Major Arguments by Political Parties:

Most of  the Political Parties maintained the fact that they do not come under the purview of RTI Act. Further, they (AICC and BJP in particular) also maintained the fact they are not Public Authorities, and, therefore are not obliged to provide any information under RTI. NCP in particular argued that it is an NGO (Non-Govt. Organization) and does not have fund and staff to reveal the information under RTI Act. Contrary to the above, CPI provided certain information to RTI applications (agreed to the fact that CPI is a Public Authority under 2(h)(d)(ii) “non-government organizations”, whereas no other political parties chose to respond to the RTI applications /queries. However, during the course of the argument, BSP also maintained the fact that Political Parties are not Public Authorities.

Most of the Political Parties argued that, the limited finance in terms of free air-time in Radio and TV, lands/plots allocated either free-of-cost or on rent, free electoral rolls provided to political parties during election, tax-exemption under Section 13 of Income Tax Act, are usual democratic practices in many democracies and do not constitute them as Public Authorities.

Major Arguments by Complainants:

  1. The Political Parties have been given statutory status under Section 29A of the Representation of the People Act, 1951. Under Section 29A (5) of the Representation of People Act, 1951, the Political Parties are required to bear true faith and allegiance to the Constitution of India as by law established.

  2. The Political Parties are substantially financed by the ‘appropriate Government’ in multiple ways and are exempt from Income Tax.

  3. All the Political Parties have been claiming tax exemption under section 13A of the Income Tax Act, which amounts to indirect financing of the Political Parties in terms of Section 2(h)(d)(i) of the RTI Act.
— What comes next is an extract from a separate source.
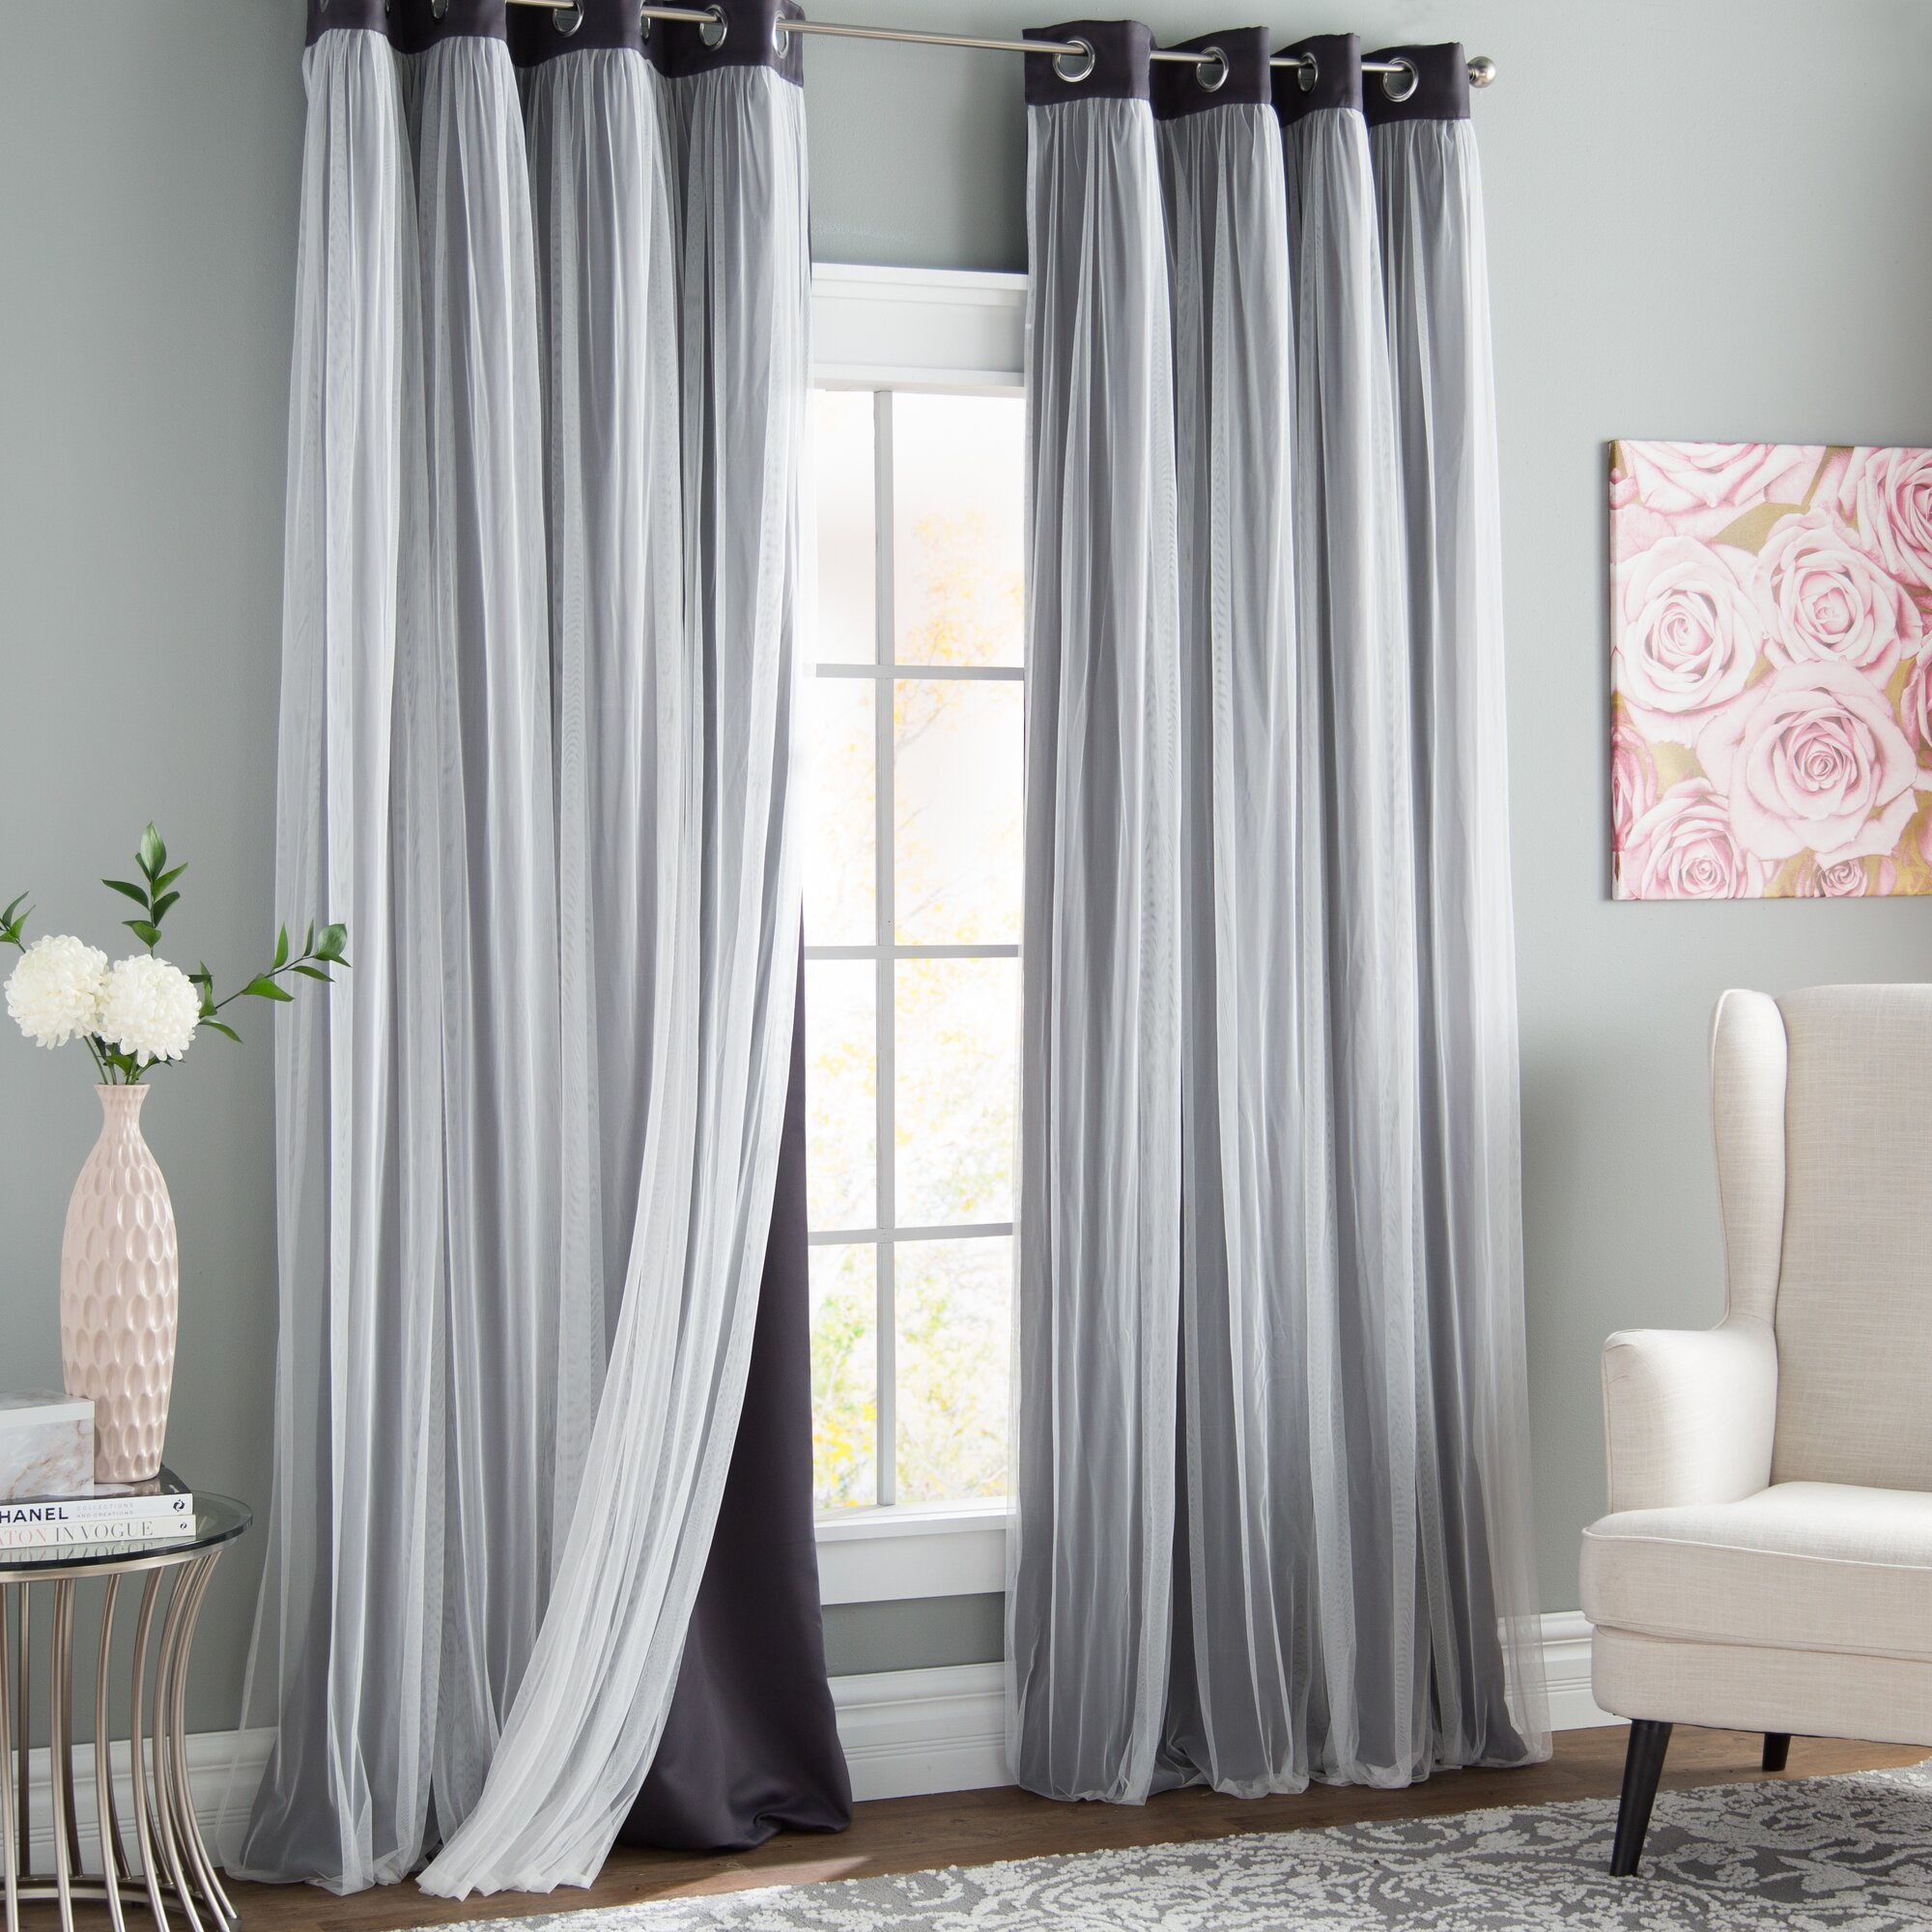 Brockham Solid Color Room Darkening Grommet Curtain Panels (Set of 2)

Further, since under section 80 GGB of the Income Tax Act, the contributions made by an individual or Company to a Political Party is deductible from the total income of the assesee. This provision is exclusively applicable to the Political Parties and is suggestive of indirect financing of the Political Parties by the State.

  4. State has been indirectly financing various Political Parties by way of free air  time on All India Radio. State is also spending huge amounts on the Political Parties in the matter of free air time on Doordarshan.

  5. Under Rules 11 and 12 of the Registration of Electors Rules, 1960, two copies of the Electoral Rolls are supplied to the recognized Political Parties, free of cost. This is another instance of indirect financing of the Political Parties by the State.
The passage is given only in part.